Could also have speech problems. Could be lazy. Could want to save time. Could be useful at producing consistent CC information across mediums. Could allow people to choose arbitrary voice synthesis in the future which super futurists may like the idea of. Could have used a translator to produce the text (I haven't listened) and not know English atall.
Personally, I'll take the human voice unless you literally cannot speak (e.g. disability) or feel uncomfortable.
Many academics like the ability to "compile" latex, and probably want to "compile" their videos too, complete with autogenerated script. That way, when they make a small change to their source code, the new version will autogenerate a new video with an updated script.

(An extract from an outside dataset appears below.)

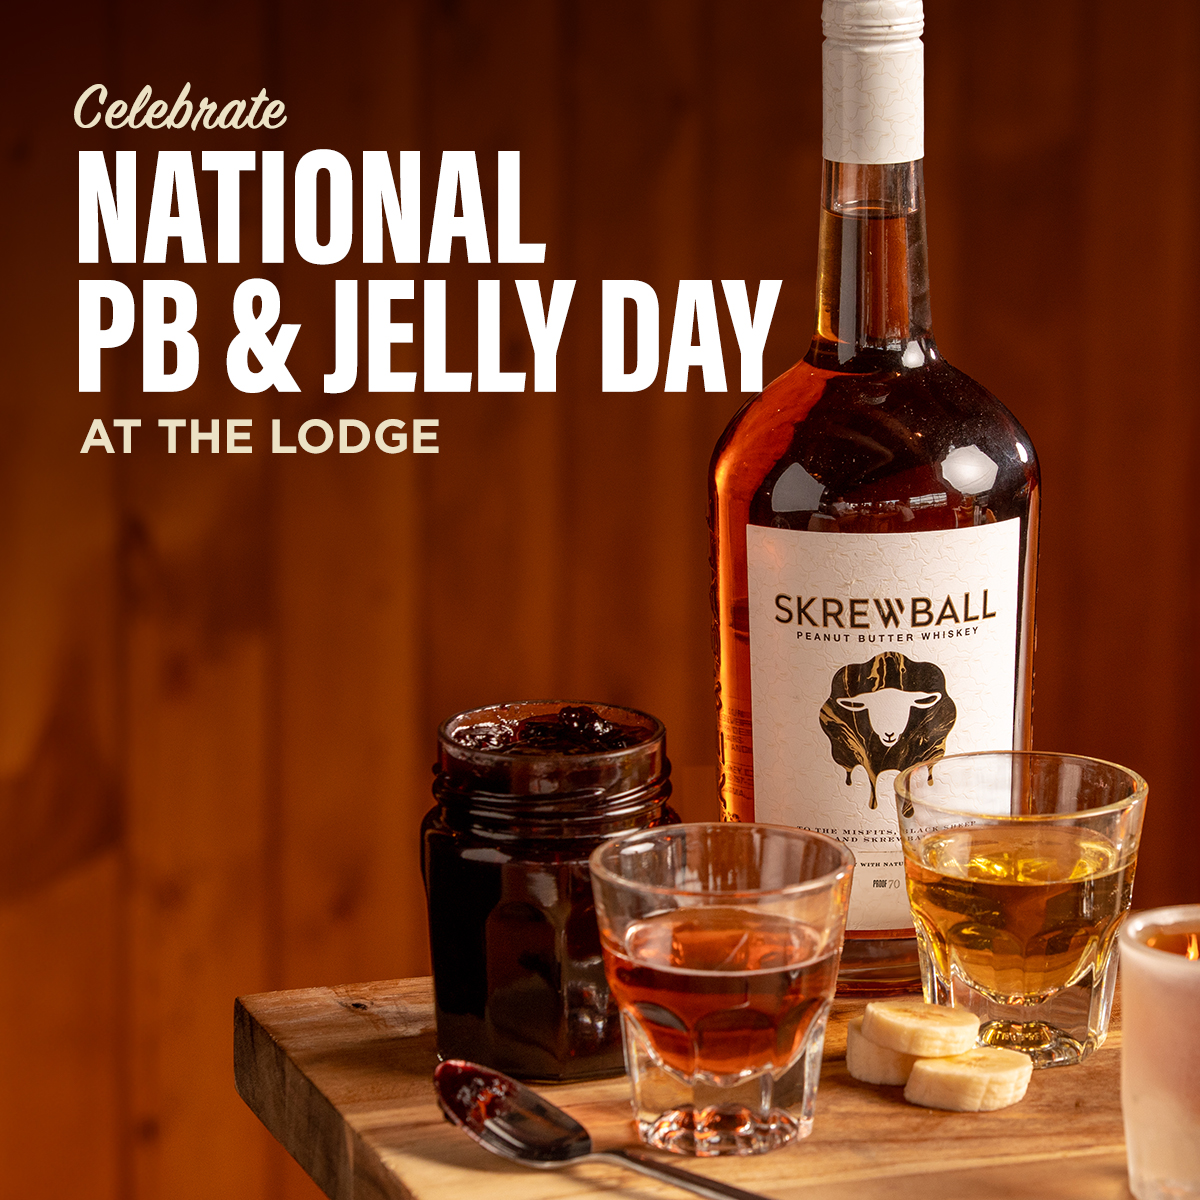 All kick. No crust. Celebrate National Peanut Butter & Jelly Day at the lodge with a smooth shot of Skrewball Whiskey and Raspberry Schnapps. #twinpeaksrestaurants #twinpeaksgirls #screwball #pbj #nationalpbjday

I like real voice but I could see if you were generating lots of videos and doing so in multiple languages, you could abstract that away a bit and dynamically generate videos these days. This is part of the reason video containers are often separated into components/layers (for video and audio tracks). I dont see why you couldn't also have the subtitle data read and generate the audio dynamically based on language. Some of this probably already happens somewhere by some group. Just an idea that I found interesting, similar to composing documents with LaTeX etc. Think of the audio as the "presentation" layer for a lot of visual frameworks used and think of similar structures for audio. It's especially useful for videos where the speaker isn't visible so syncing audio with lip movements across languages isn't a problem.
Personally, I'll take the human voice unless you literally cannot speak (e.g. disability) or feel uncomfortable.